Venous Stenting Eased Post-Thrombotic Syndrome In Trial

At six months, investigators report that venous stenting was associated with less post-thrombotic severity than standard treatment alone in patients after deep vein thrombosis. The NIH-sponsored, multi-site C-TRACT trial randomly assigned patients with post-thrombotic syndrome to stent placement plus standard treatment or to standard treatment alone. Over the first six months of follow-up, researchers observed better symptom measures and a lower burden of severe disease in the stent group. The study compared two care strategies for persistent venous disability after clot treatment and tested whether reopening the blocked vein was associated with less post-thrombotic burden.

The study enrolled 225 patients across 29 U.S. sites after at least three months of treatment for deep vein thrombosis. Participants had iliac vein blockage involving a major pelvic vein, and the obstruction was associated with substantial disability. Enrollment therefore centered on patients with persistent limitations rather than mild residual symptoms. At study entry, 93% met clinical criteria for severe post-thrombotic syndrome, defining a cohort with pronounced symptoms before randomized treatment began.

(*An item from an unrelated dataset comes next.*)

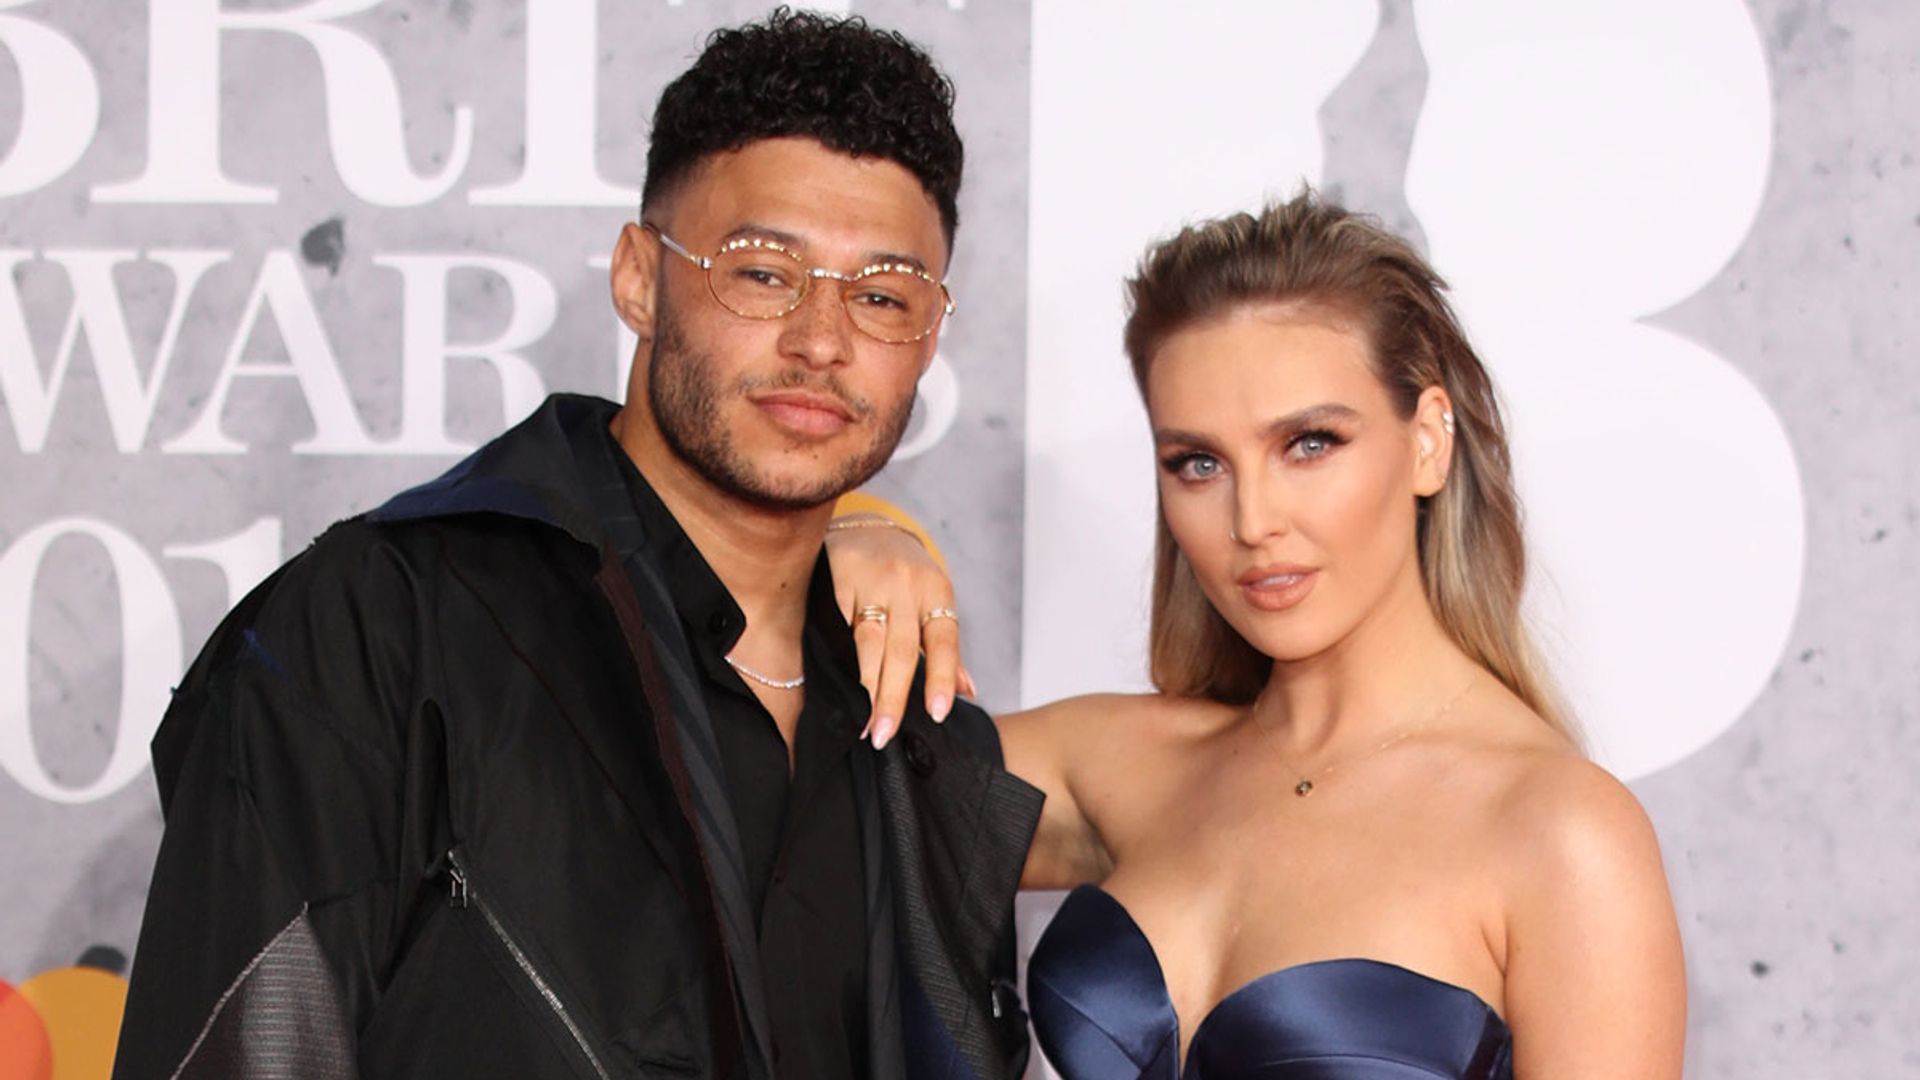 Little Mix's Perrie Edwards and Alex Oxlade-Chamberlain announce arrival of their first child

The procedure used a stent, described as a mesh tube placed into the vein through tiny incisions during a two-to-three-hour operation. In the intervention arm, the device was added to the usual components of standard treatment. The comparison approach relied on compression and blood-thinning medications without stent placement. Investigators framed the strategies as supportive care with or without a mechanical intervention to reopen the vein.

At six months, 40% of the stent group still had severe post-thrombotic syndrome, compared with 61% of the standard-care group. Researchers also reported better leg symptoms among patients who underwent stent placement than among those who received standard treatment alone. The pattern was consistent across clinician-assessed severity and patient-reported leg manifestations within the same follow-up window.

The investigators also noted a patient-reported advantage on a 100-point quality-of-life scale, where the stent group scored 14 points higher than standard treatment alone. That difference reflected better overall functioning and well-being from the patient perspective at the same assessment. The quality-of-life result added a distinct patient-centered outcome alongside the reported differences in post-thrombotic burden.

Key Takeaways

• A multi-site randomized trial compared venous stenting plus standard treatment with standard treatment alone in patients with post-thrombotic syndrome after deep vein thrombosis.
• Enrolled patients had iliac vein blockage, substantial disability, and high baseline severity at study entry.
• At six months, lower severe post-thrombotic syndrome rates, better leg symptoms, and higher quality-of-life scores were reported in the stent group.